- EXERCISE GOAL -
The answer is all of the data repeated exactly, with each picture omitted.

- EXERCISE DATA -
:::

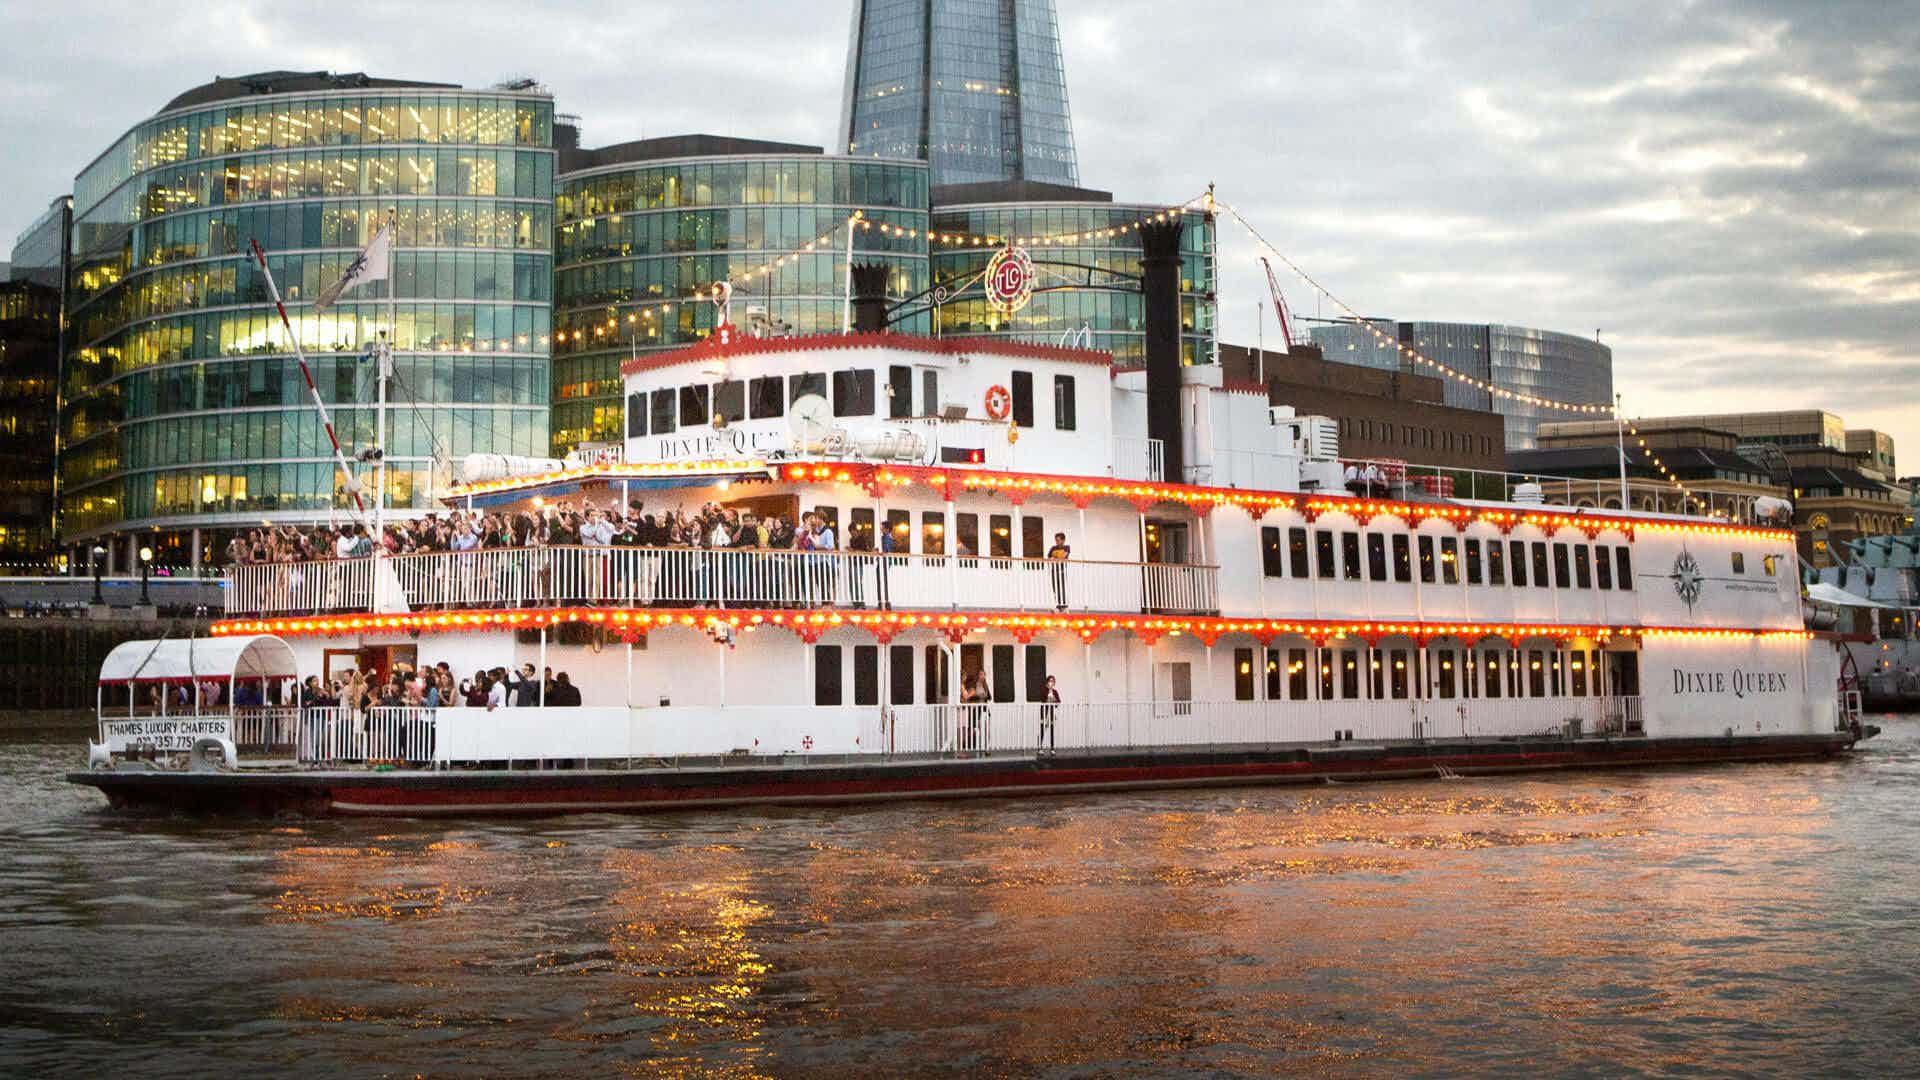 Whole Venue, Dixie Queen – Thames Luxury Charters
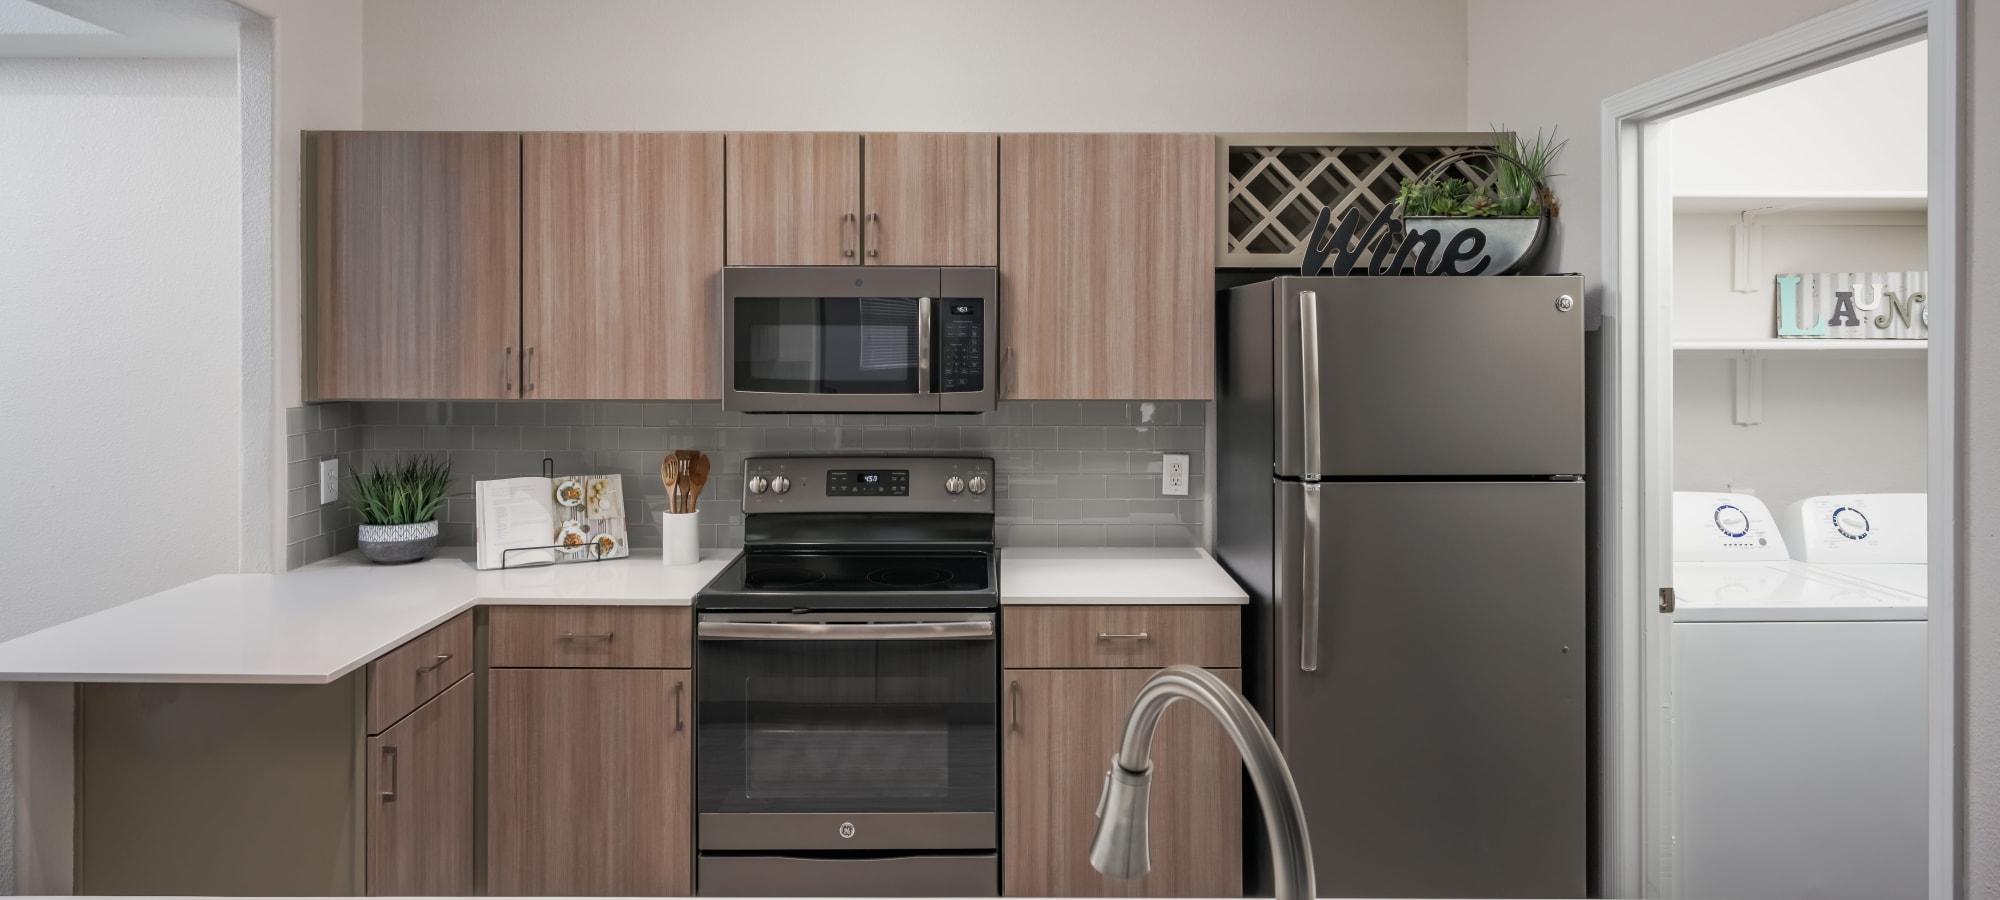 Very sleek kitchen at The Sterling in Gilbert, Arizona
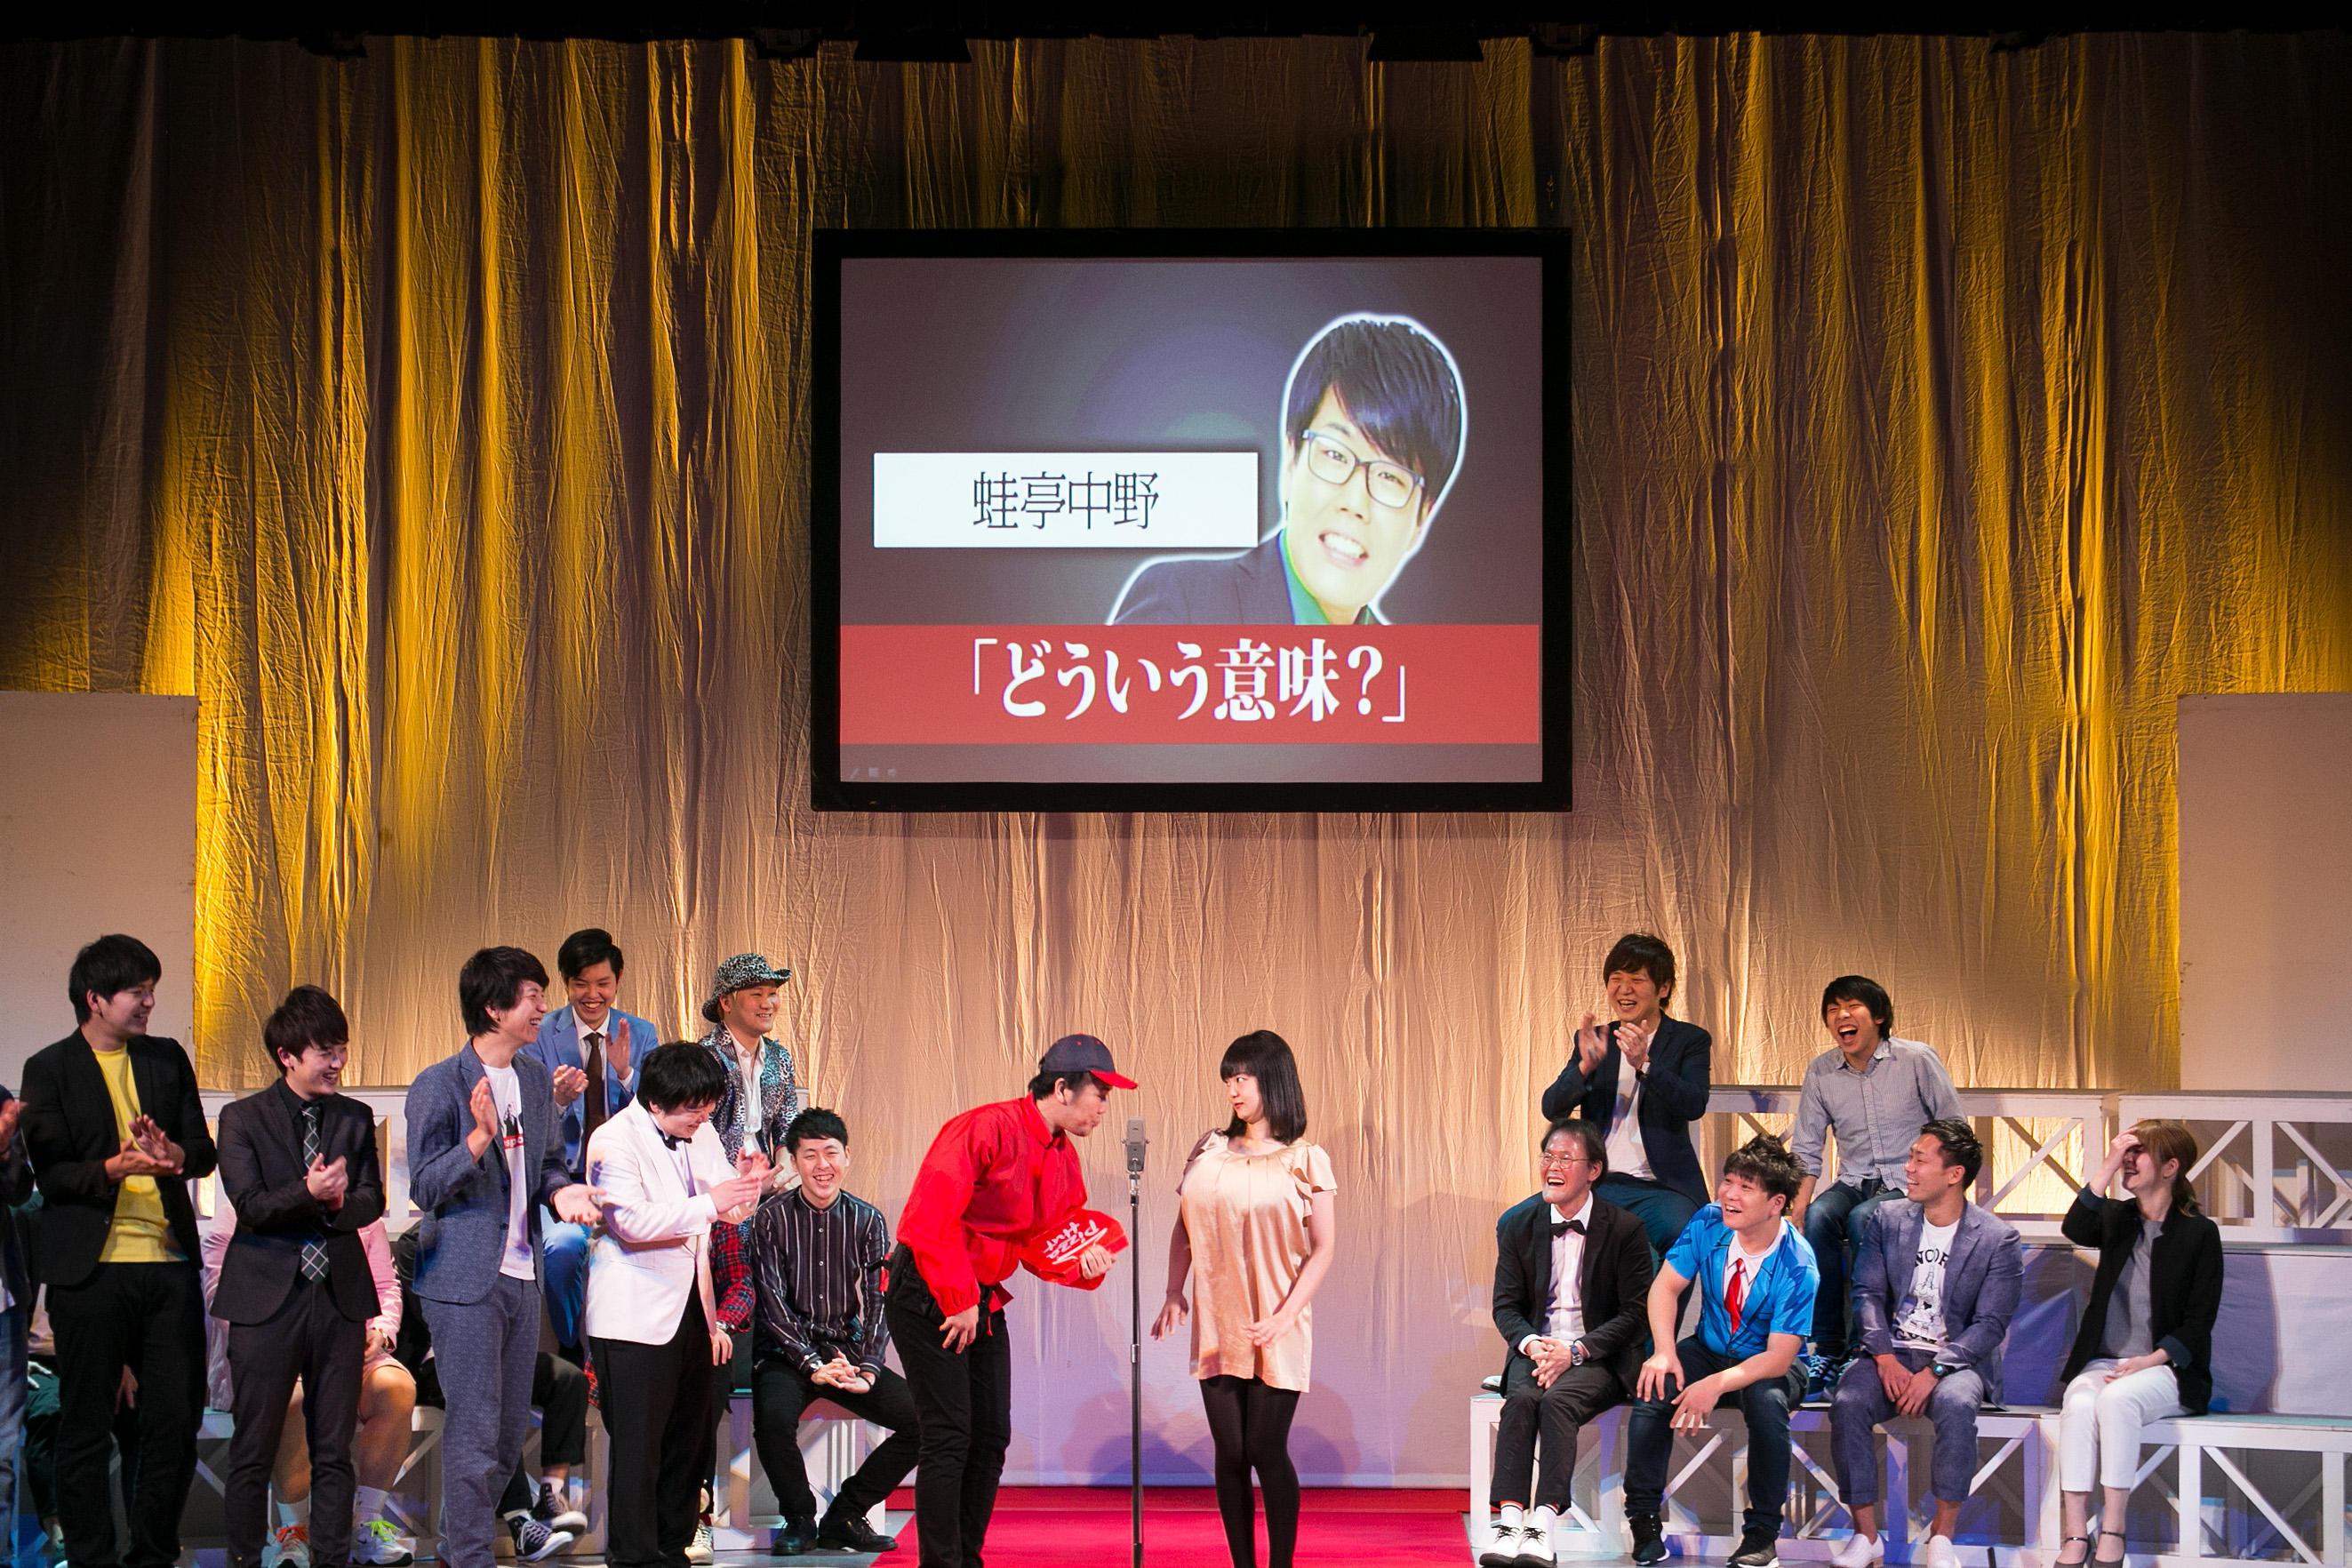 http://news.yoshimoto.co.jp/20181228111617-2f114b7ec6047bc68720834c1dd49111e20aeb20.jpg
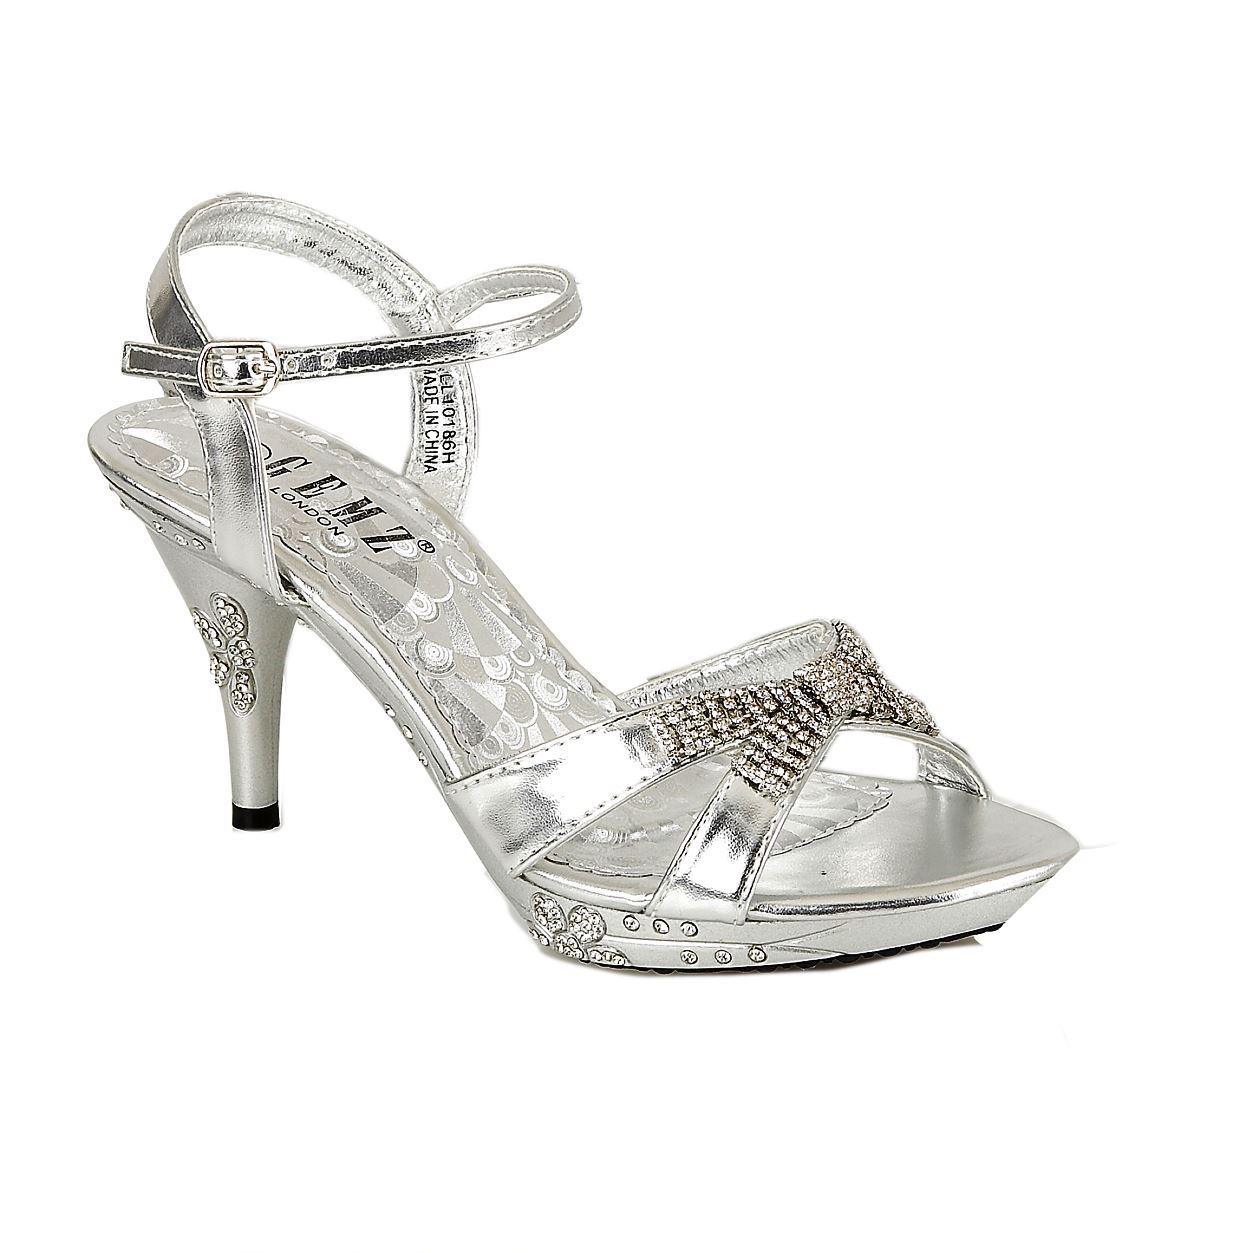 279 Womens Wedding Sandals High Heel Diamante Evening Prom Party Gemz London

:::

- OUTPUT FOR THIS TASK -
 Whole Venue, Dixie Queen – Thames Luxury Charters
 Very sleek kitchen at The Sterling in Gilbert, Arizona
 http://news.yoshimoto.co.jp/20181228111617-2f114b7ec6047bc68720834c1dd49111e20aeb20.jpg
 279 Womens Wedding Sandals High Heel Diamante Evening Prom Party Gemz London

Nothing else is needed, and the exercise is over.